Dans le Parisien-Aujourd’hui en France, l’engagement derrière Francois Asselineau (Président de l’Union Populaire Républicaine) d’un petit nouveau. Il n’a pas encore 18 ans, s’appelle Aurélien Enthoven et il est le fils de Carla Bruni et du philosophe bien connu de nos auditeurs Raphaël Enthoven. Contre toute attente, le jeune homme s’est converti aux idées du parti ultra souverainiste et anti-européen d’Asselineau. Le 1er mai, il a défilé à Paris avec les militants de l’UPR dénonçant la dictature européenne après s’être forgé une opinion en découvrant des vidéos sur YouTube. Il a pris sa carte du parti en octobre et bien sûr Asselineau l’a repéré et invité à débattre. Depuis, le jeune homme s’est rangé à l’idée qu’il fallait que la France quitte l’Europe. Il porte des T-shirt au slogan favorable au Brexit et a offert une cravate siglée UPR à son beau-père, un certain Nicolas Sarkozy. Non ce n’est pas un papier people qu’il y a dans le Parisien-Aujourd’hui en France, c’est un papier sur les jeunes, la politique et l’influence limitée des parents. Et de l’aveu même du jeune militant, Carla Bruni et Nicolas Sarkozy "s’en fichent". Car à vrai dire et ça vaut pour tous les parents dont les ados s’éveillent à la politique ce qui compte ce n’est pas le parti, c’est de réfléchir et de s’engager. Et pour réfléchir et apprendre, Aurélien pourra lire ce matin Libération.

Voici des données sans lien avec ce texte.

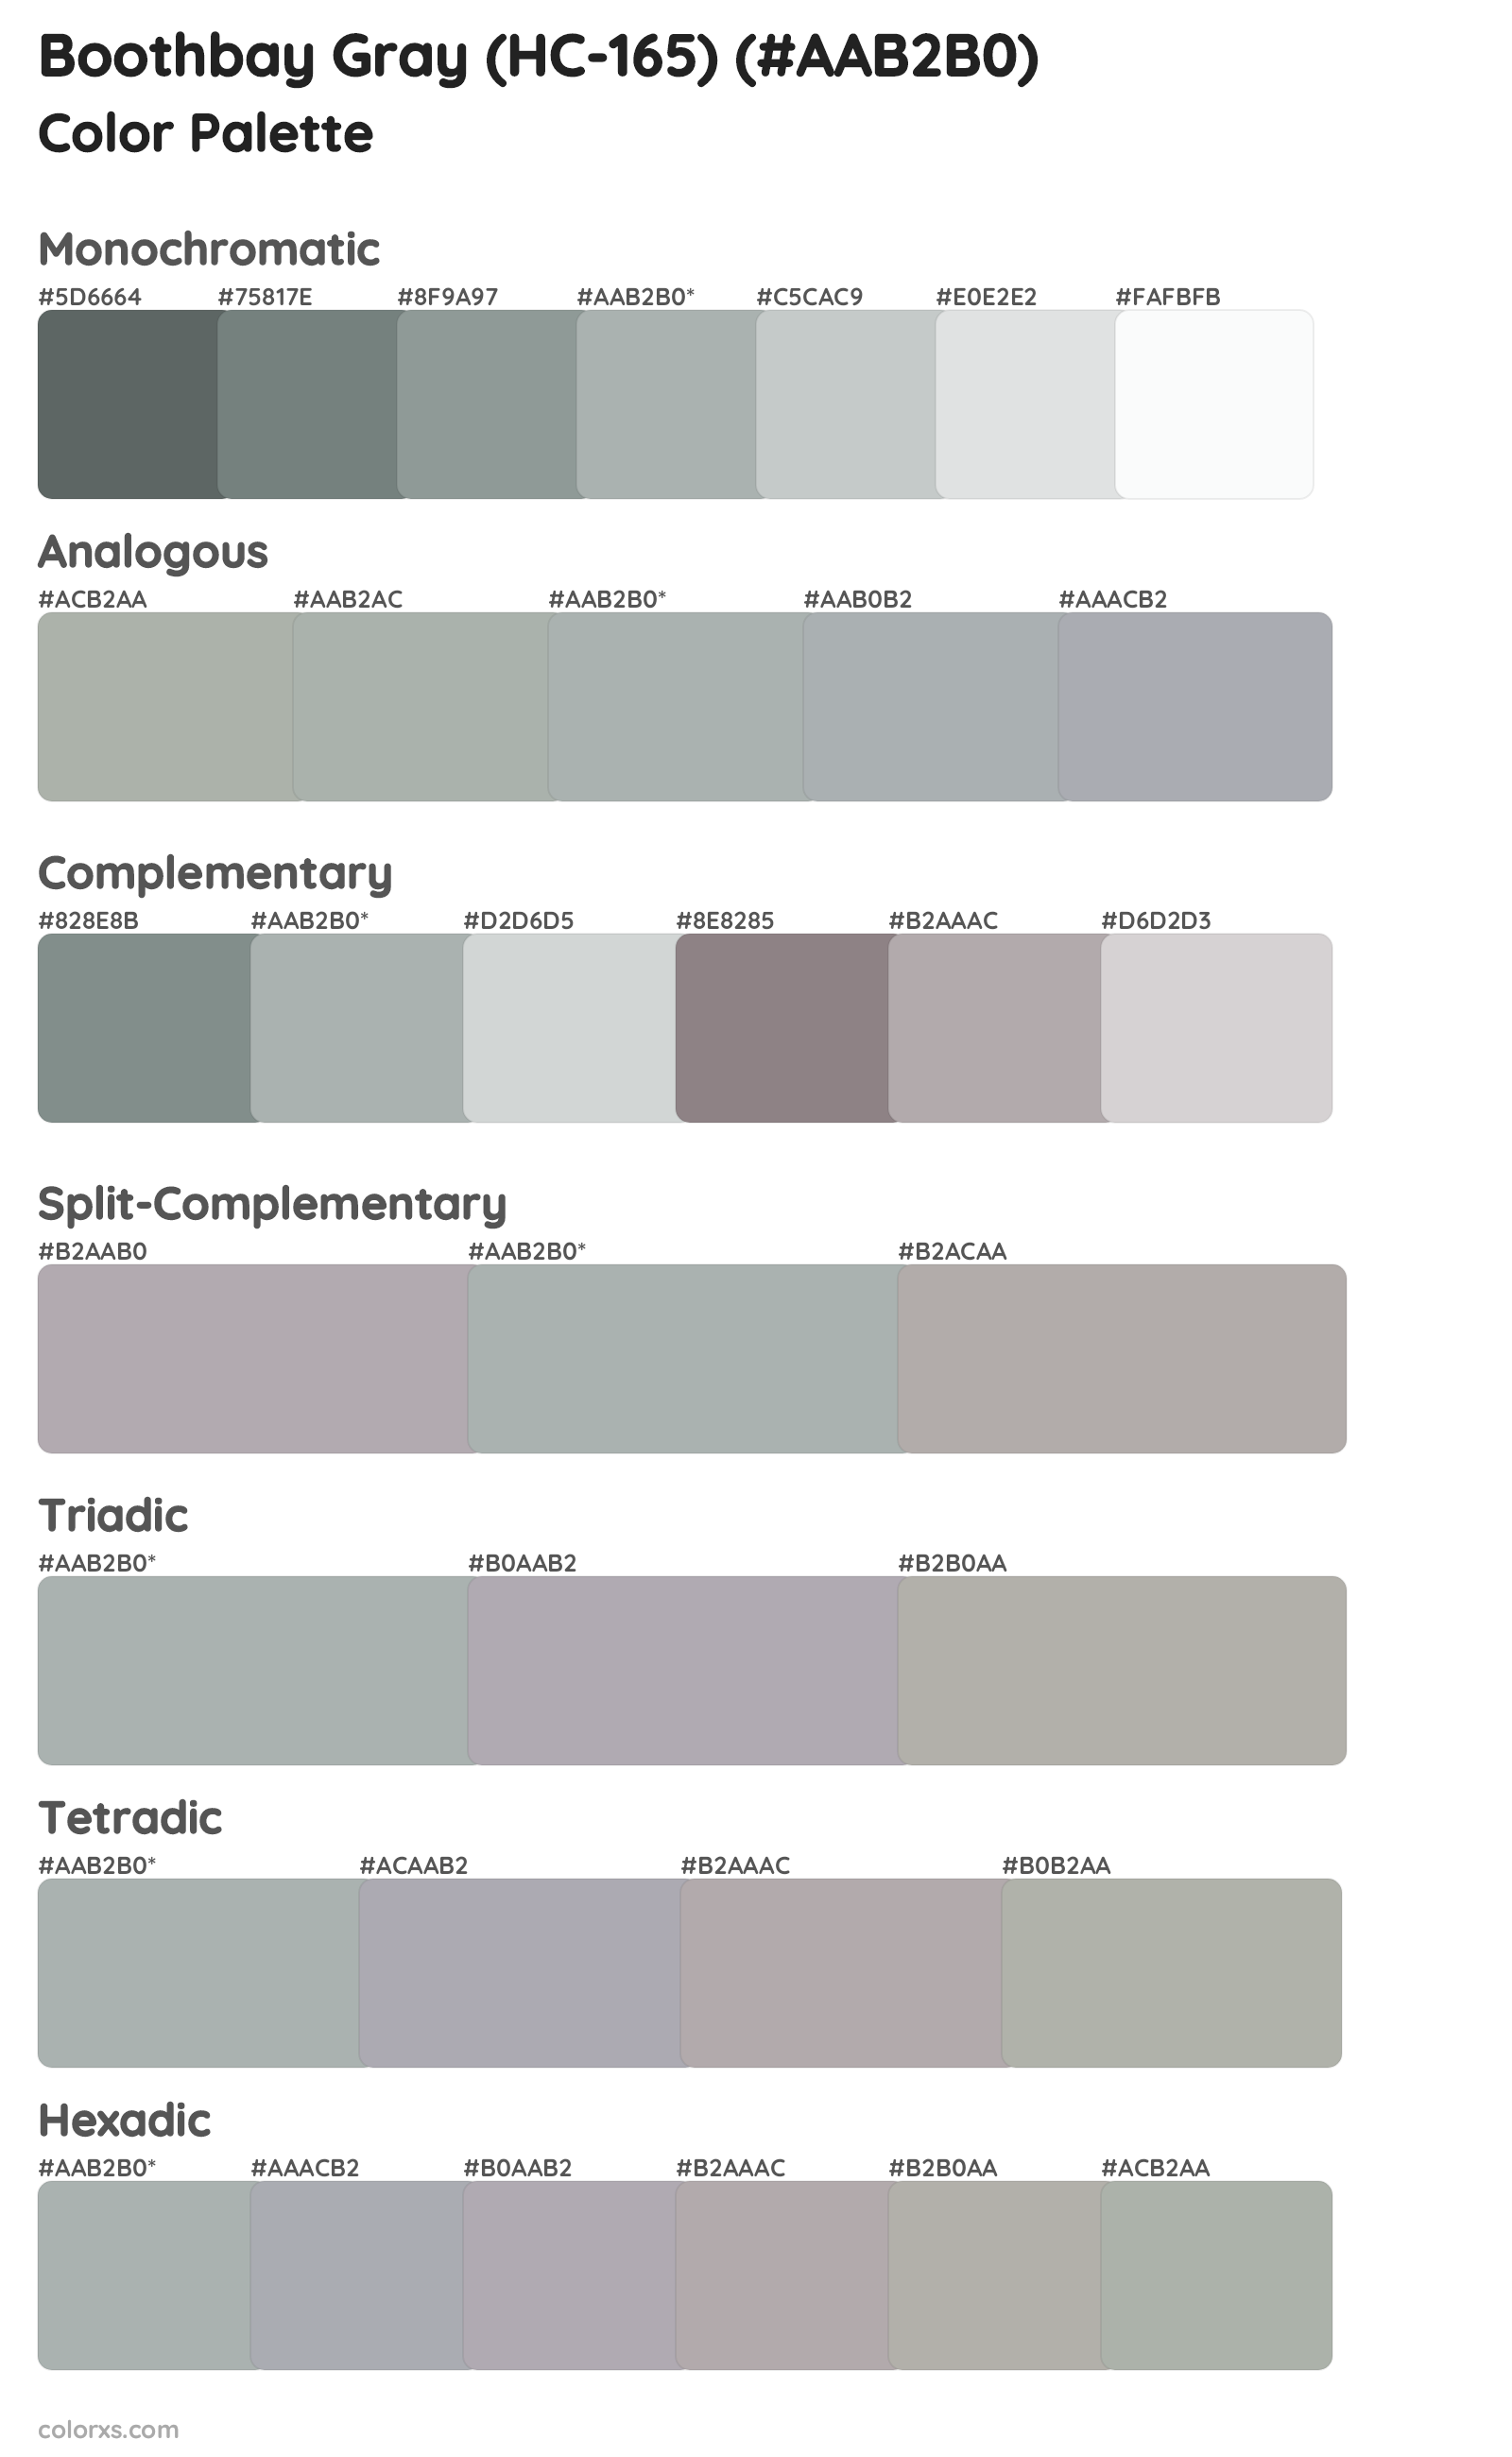 Boothbay Gray (HC-165) Color Scheme Palettes
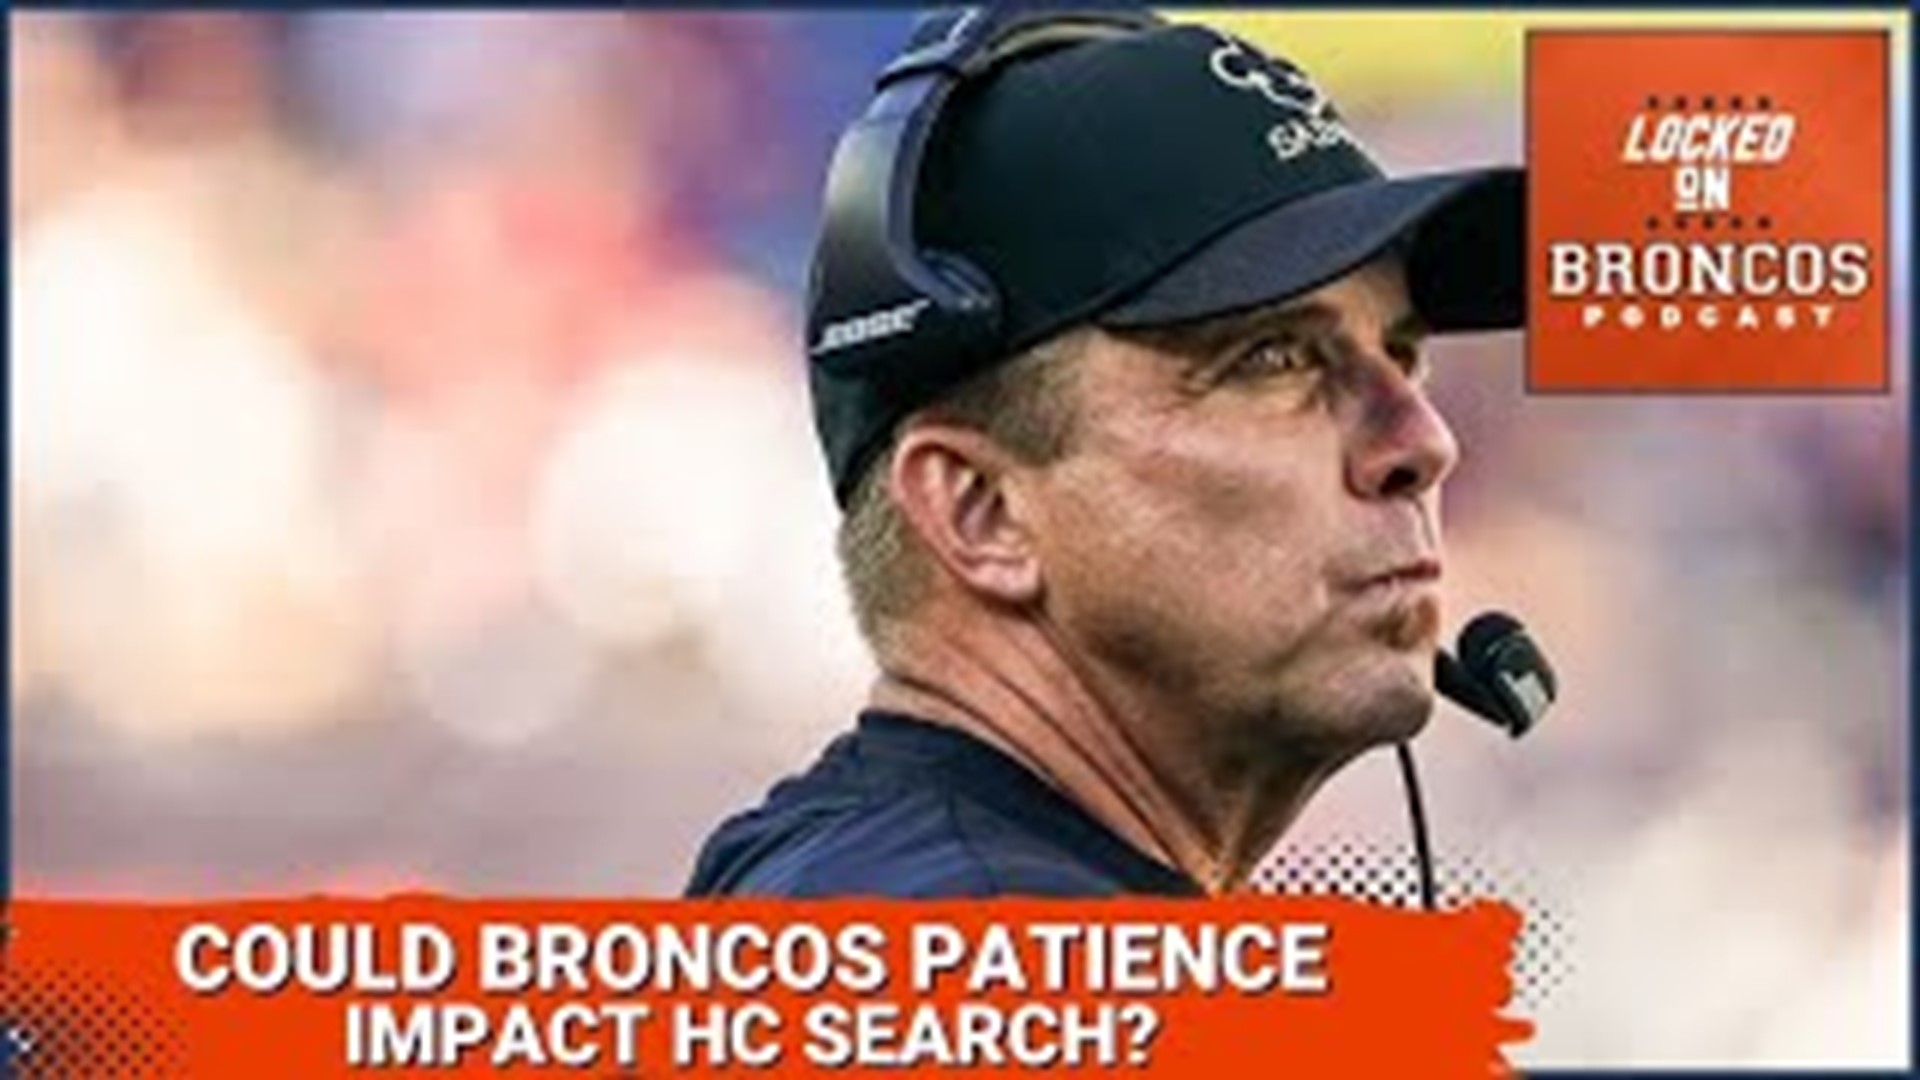 The Broncos head coach search has taken a confusing turn this week with conflicting reports coming out about Payton's interview in Denver.

Macron, géant vert en transition écolo

Un Président de la République "qui joue la carte verte", titre le quotidien sondage à l’appui selon lequel deux tiers des électeurs estiment que la lutte contre le réchauffement climatique est un sujet prioritaire pour l’Europe. Qu’à cela ne tienne, il y aura de l’écologie dans le programme que présentera le parti présidentiel aujourd’hui en faveur d’une Europe qui assume son rôle de "puissance verte". Les écolos d’Europe Ecologie y voient de l’opportunisme et de la récupération mais pour Pascal Canfin (ancien directeur général du WWF qui a rallié Macron pour les européennes) nous avons affaire à un président en transition, Macron en transition écologique c’est assez bien trouvé.

27 milliards de fonds européens pour les régions françaises

Pour entendre parler d’Europe, Aurélien Enthoven et Vincent Tremolet du Figaro pourront aussi lire la presse quotidienne régionale du jour qui explique ou va l’argent de l’Europe dans nos territoires. "Combien donne l’Europe ?", questionne le Dauphiné. "Ces projets soutenus par l’Europe ?", titre les Dernières Nouvelles d’Alsace, "À qui vont les fonds ?", interroge Vosges Matin idem à la Une de la Voix du Nord ou vous trouverez une carte, des fonds européens et leur utilisation ici 98 millions pour le port de Calais, ici 11 millions d’euros pour le bus en site propre de Dunkerque, trois millions encore pour le réaménagement de la gare de Saint-Omer ou ici 2,4 millions pour un projet de recherche sur le changement climatique à l’université de Lille. Les autres journaux font à peu près la même chose. Entre 2014 et 2020, les Hauts-de-France auront reçu 1,7 milliard d’euros et l’ensemble des régions françaises bénéficié de 27 milliards d’euros sur la même période. Ça relativise le discours de ceux qui pensent que l’Europe ne fait rien. C’est normal, tant que l’Europe n’aura ni visage ni véritables couleurs elle ne passionnera pas les foules.

Il sèche l’entrainement pour voir Tottenham-Ajax et se fait virer

Il y a du monde surtout quand il s’agit de ne pas manquer le match allé qui opposait le 30 avril dernier à Londres le club anglais de Tottenham à l’Ajax d’Amsterdam en demi-finale de la ligue des champions. Jordie Van der Lann 25 ans, joueur de deuxième division au SC Telstar basé à Velsen en Hollande a séché l’entrainement pour aller voir jouer l’Ajax. Pour justifier cette absence,il a expliqué à son entraîneur qu’il était malade. Le problème c’est que Jordie est apparu trois fois à la télévision en pleine forme et tout sourire en train d’encourager l’Ajax. Bien sûr, l’entraineur était devant sa télévision. Résultat, Jordie a été viré avec effet immédiat ce qui lui a laissé du temps pour assister ce mercredi soir à la défaite de l’Ajax en match retour. Il en aura encore plus pour assister à la finale Tottenham-LIverpool qui a lieu le premier juin prochain à Madrid. Et qui sait peut-être pourra-t-il trouver cinq minutes pour voter aux européennes.